> _DATA BELOW_
*****

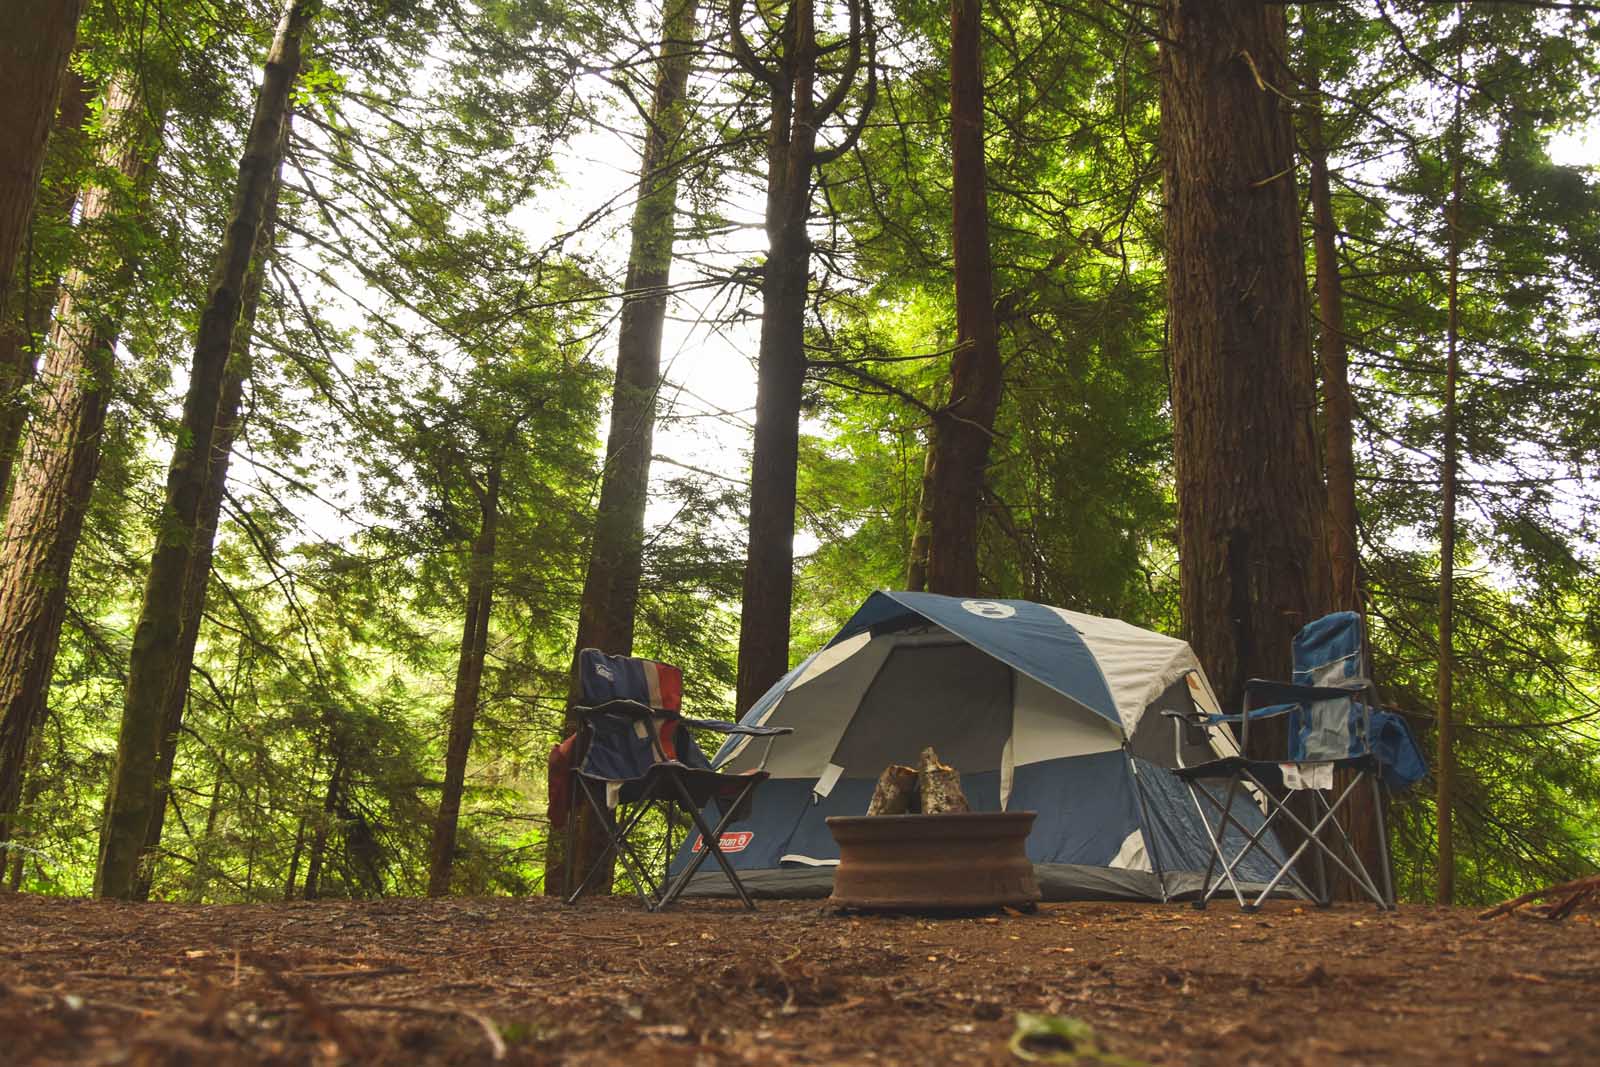 What to pack for Redwood National Park
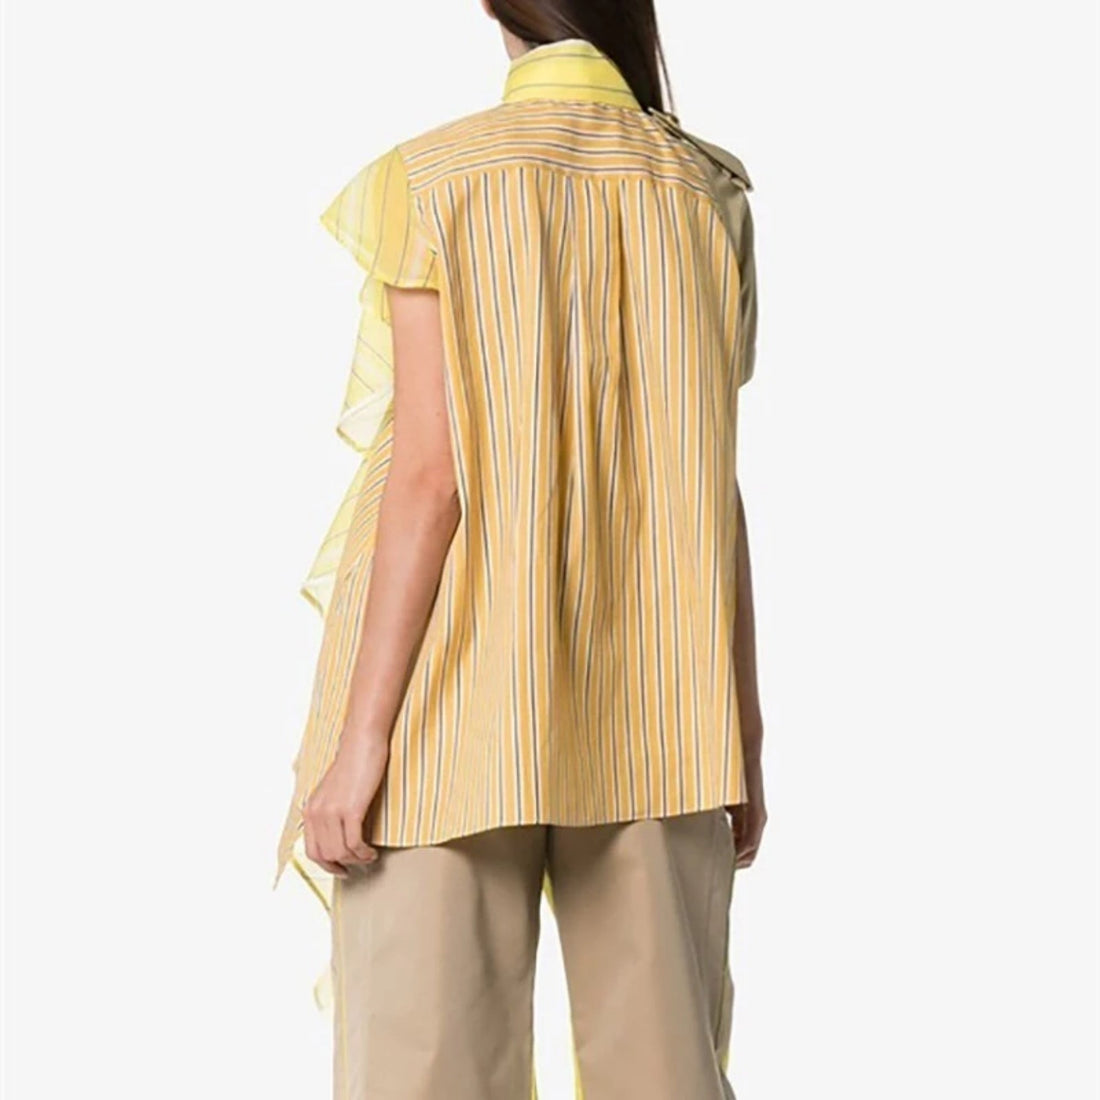 Women's Summer Casual Polyester Striped Blouse With Ruffles
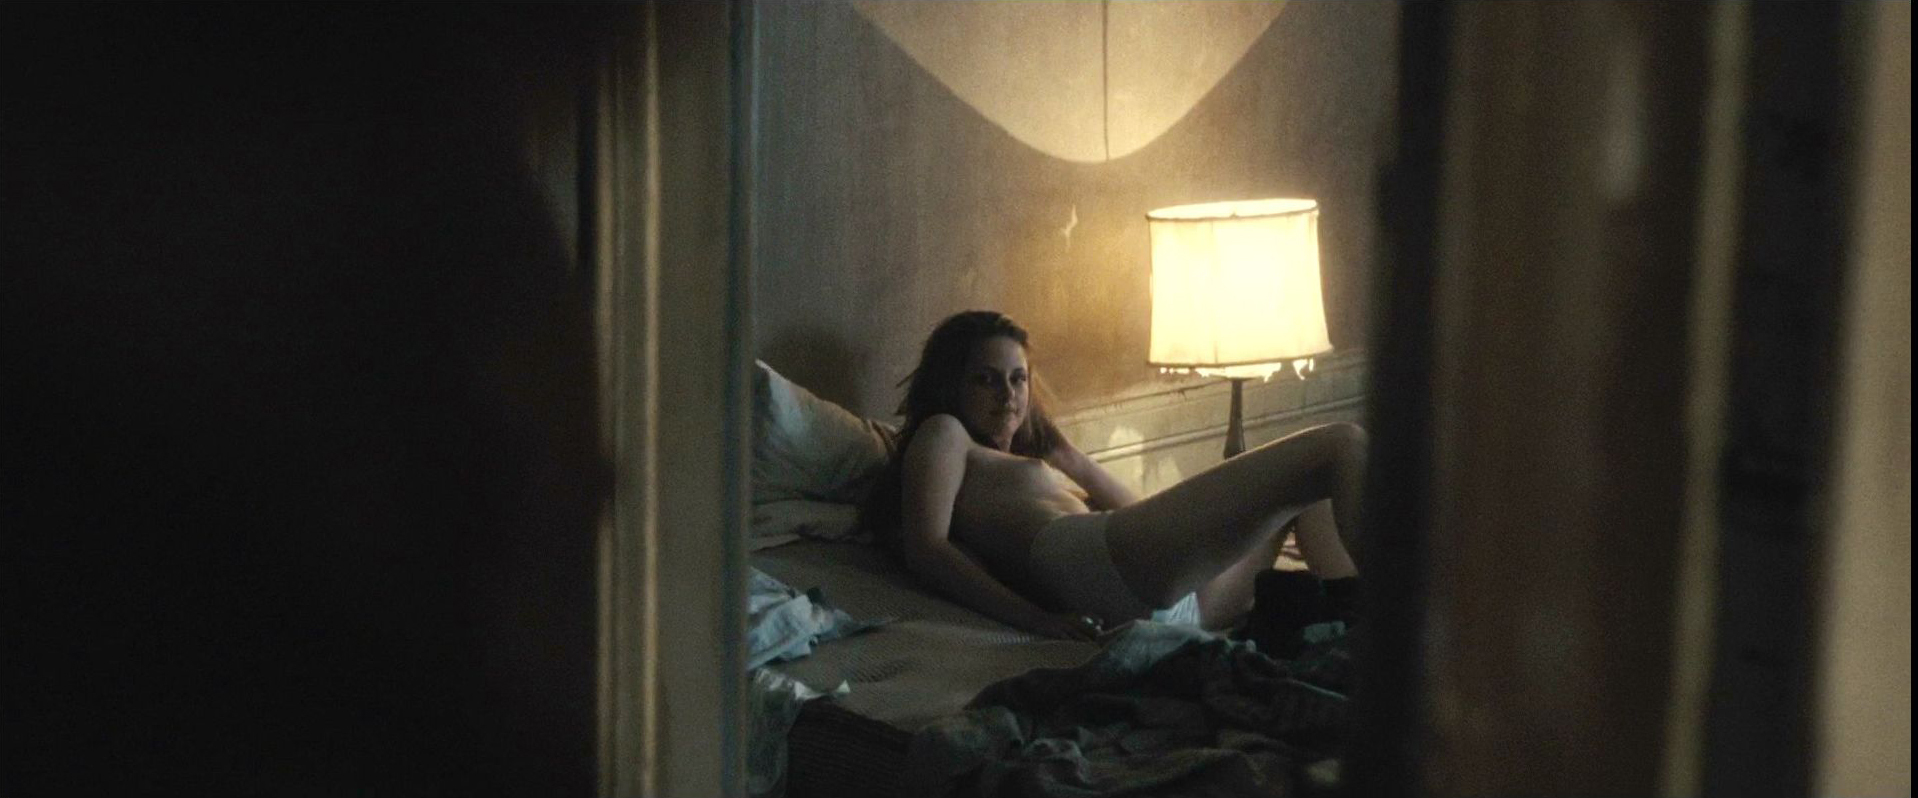 claire trethewey recommends Kristen Stewart Naked On The Road
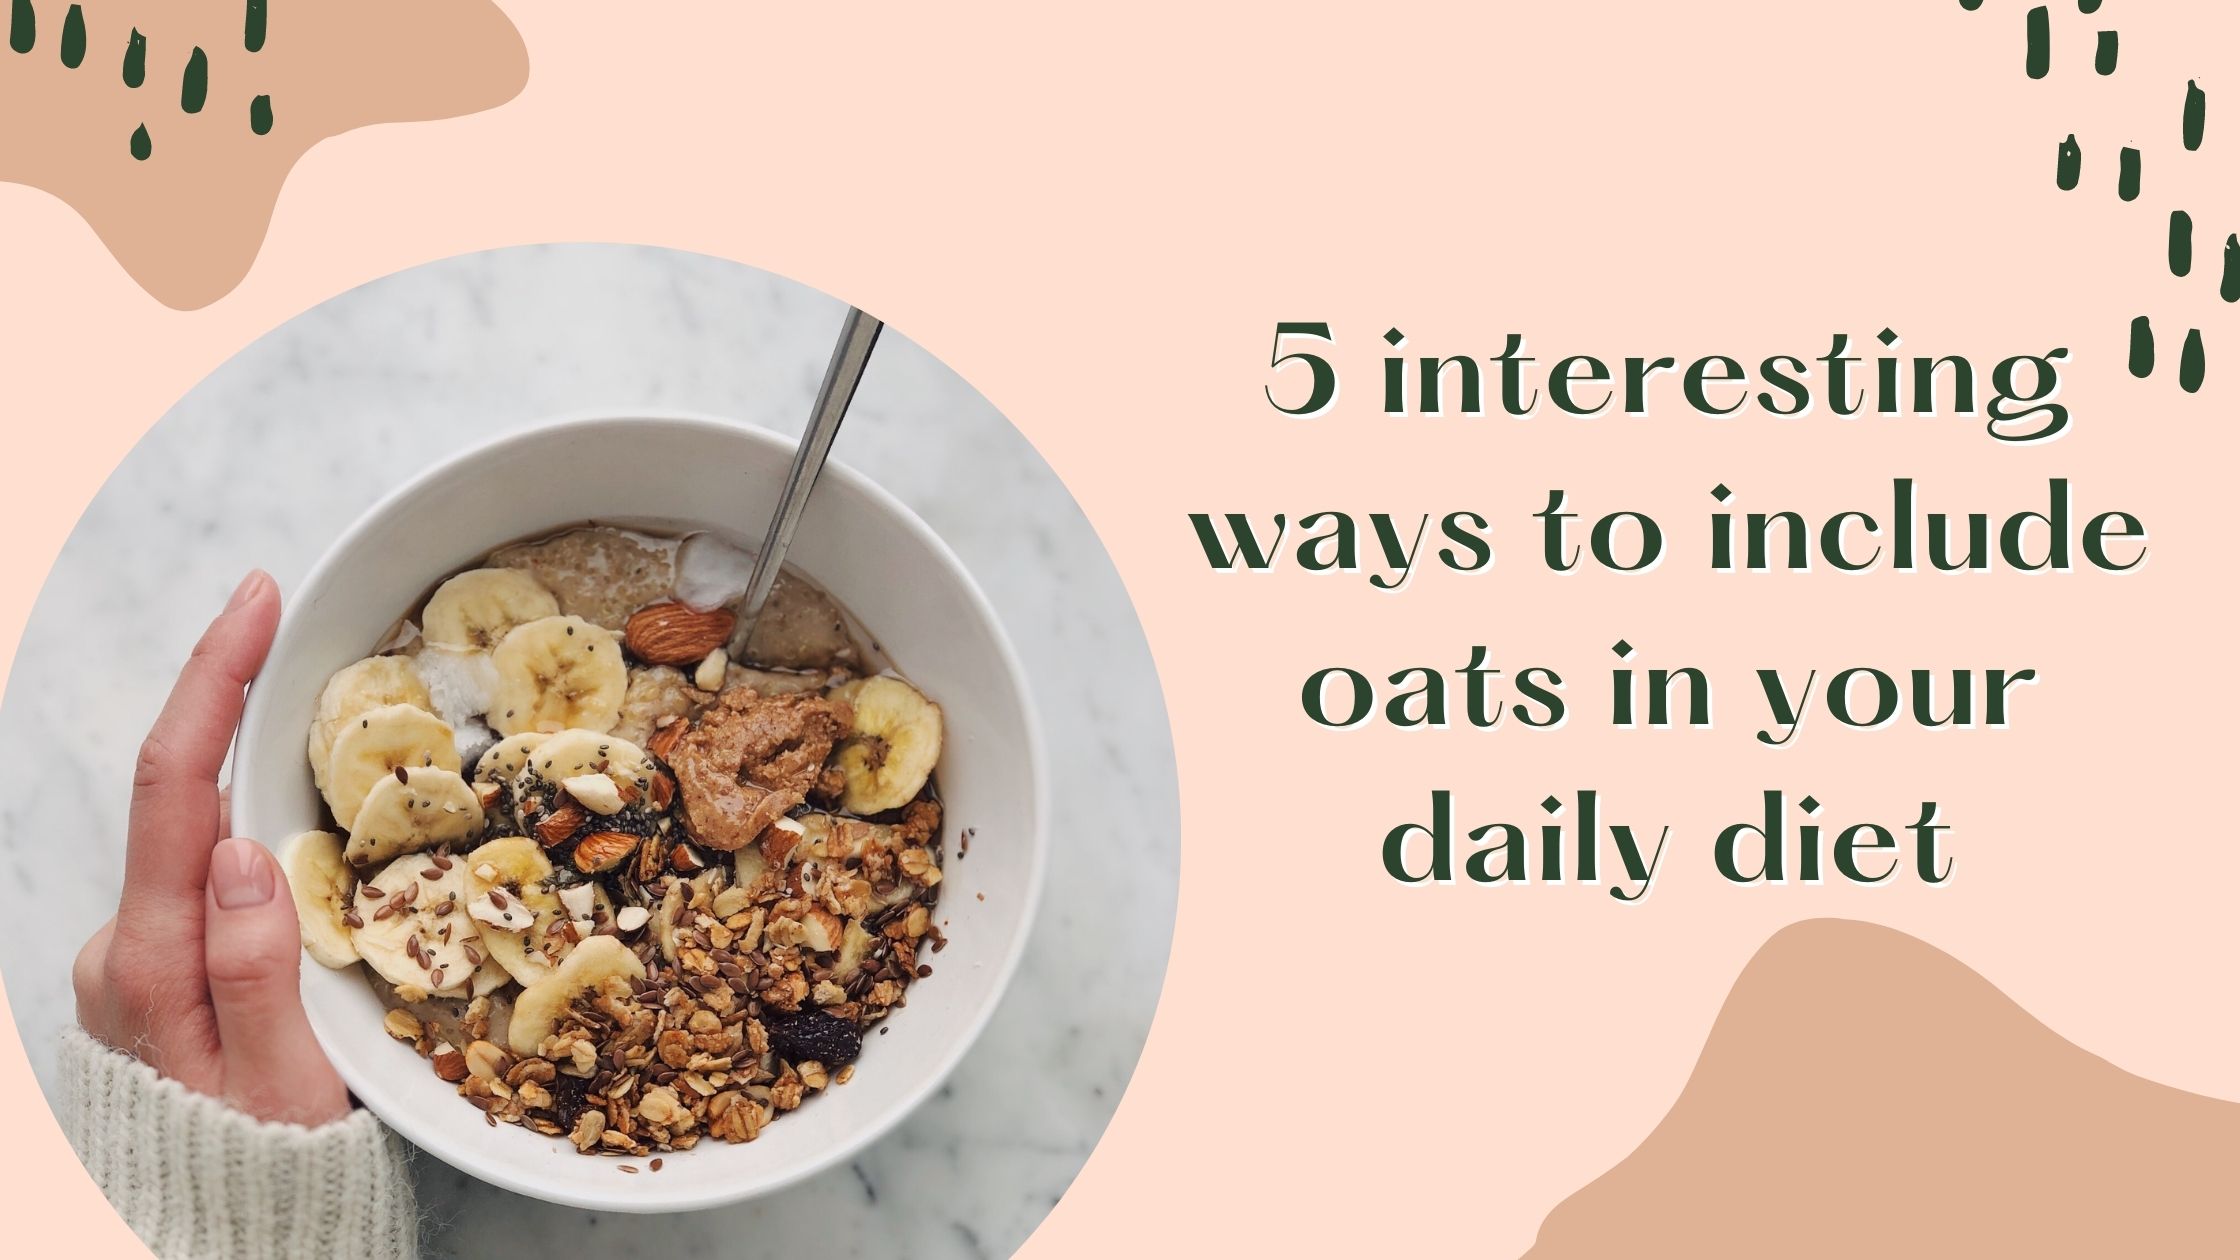 5 interesting ways to include oats in your daily diet

*****

> _TASK REQUIREMENTS_
Output the listing above in full and exactly, with pictures excluded.

> _OUTPUT_
 What to pack for Redwood National Park
 Women's Summer Casual Polyester Striped Blouse With Ruffles
 claire trethewey recommends Kristen Stewart Naked On The Road
 5 interesting ways to include oats in your daily diet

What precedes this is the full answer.